Coverage metrics for this protein and frame, or None if there are no nodes.

Return type:

dict or None

MHCXGraph.utils.analysis.project_nodes_instances(frame_nodes: list[Any], p: int) list[str][source]

Project associated nodes onto the p-th protein.

Parameters:
  • frame_nodes (list) – List of associated graph nodes as tuples of residue labels.

  • p (int) – Index of the protein to project.

Returns:

Residue labels for protein p.

Return type:

list of str

MHCXGraph.utils.analysis.summarize_frame_nodes(df_fp_nodes_for_frame: pandas.DataFrame) dict[str, Any][source]

Compute weighted summaries for node coverage across proteins in a frame.

Parameters:

df_fp_nodes_for_frame (pandas.DataFrame) – Per protein node coverage for one frame.

Returns:

Summary statistics including weighted mean, median and dispersion.

Return type:

dict

MHCXGraph.utils.analysis.unique_chain_signatures(frame_nodes: list[tuple]) list[str][source]

Compute sorted unique chain signatures for all nodes in a frame.

Parameters:

frame_nodes (list of tuple) – List of associated nodes as tuples of residue labels.

Returns:

Sorted unique chain signatures.

Return type:

list of str

MHCXGraph.utils.analysis.wmean(x, w)[source]

Weighted mean.

Parameters:
  • x (array_like) – Data values.

  • w (array_like) – Weights.

Returns:

Weighted mean.

Return type:

float

MHCXGraph.utils.analysis.wmedian(x, w)[source]

Weighted median.

Parameters:
  • x (array_like) – Data values.

  • w (array_like) – Weights.

Returns:

Weighted median.

Return type:

float

MHCXGraph.utils.analysis.wstd(x, w)[source]

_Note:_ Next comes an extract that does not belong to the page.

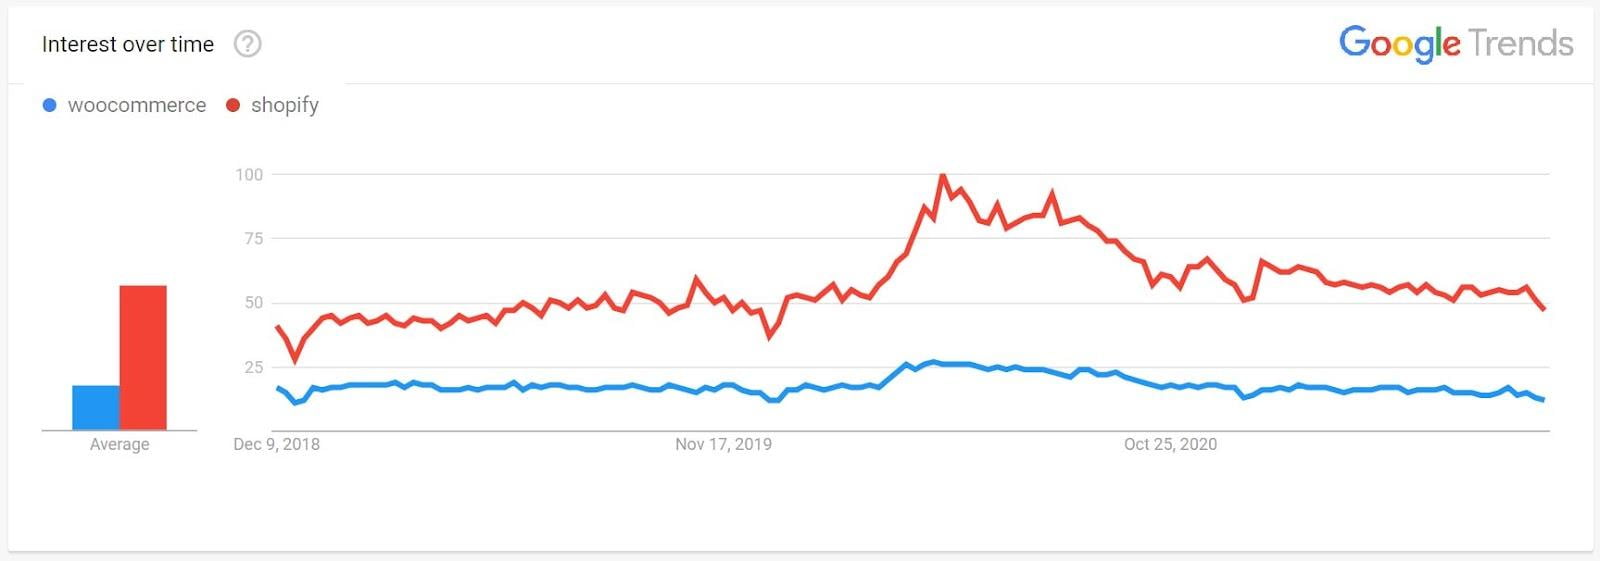 Shopify and WooCommerce on Google Trends

Weighted standard deviation.

Parameters:
  • x (array_like) – Data values.

  • w (array_like) – Weights.

Returns:

Weighted standard deviation.

Return type:

float

MHCXGraph.utils.analysis.wtrimmed_mean(x, w, trim=0.1)[source]

Weighted trimmed mean removing tails.

Parameters:
  • x (array_like) – Data values.

  • w (array_like) – Weights.

  • trim (float, optional) – Fraction to trim at each tail, by default 0.10.

Returns:

Weighted trimmed mean.

Return type:

float

Functions

chain_signature(node_tuple)

Compute a chain signature for a tuple of node labels.

evaluate_all_frames_nodes(json_path)

Evaluate node coverage for all components and frames from a JSON file.

evaluate_all_frames_nodes_weighted(json_path)

Evaluate weighted node coverage summaries for all frames.

evaluate_frame_nodes(component_id, frame_id, ...)

Evaluate node coverage metrics for one frame across all proteins.

get_protein_keys(original_graphs)

Return a list of protein keys sorted numerically if keys are numeric strings.

ivw_mean_proportions(cov, n)

Inverse variance weighted mean for proportions with shrinkage.

node_similarity_for_protein(frame, ...)

Compute node coverage metrics for a single protein in one frame.

project_nodes_instances(frame_nodes, p)

Project associated nodes onto the p-th protein.

summarize_frame_nodes(df_fp_nodes_for_frame)

Compute weighted summaries for node coverage across proteins in a frame.

unique_chain_signatures(frame_nodes)

Compute sorted unique chain signatures for all nodes in a frame.

wmean(x, w)

Weighted mean.

wmedian(x, w)

Weighted median.

wstd(x, w)

Weighted standard deviation.

wtrimmed_mean(x, w[, trim])

Weighted trimmed mean removing tails.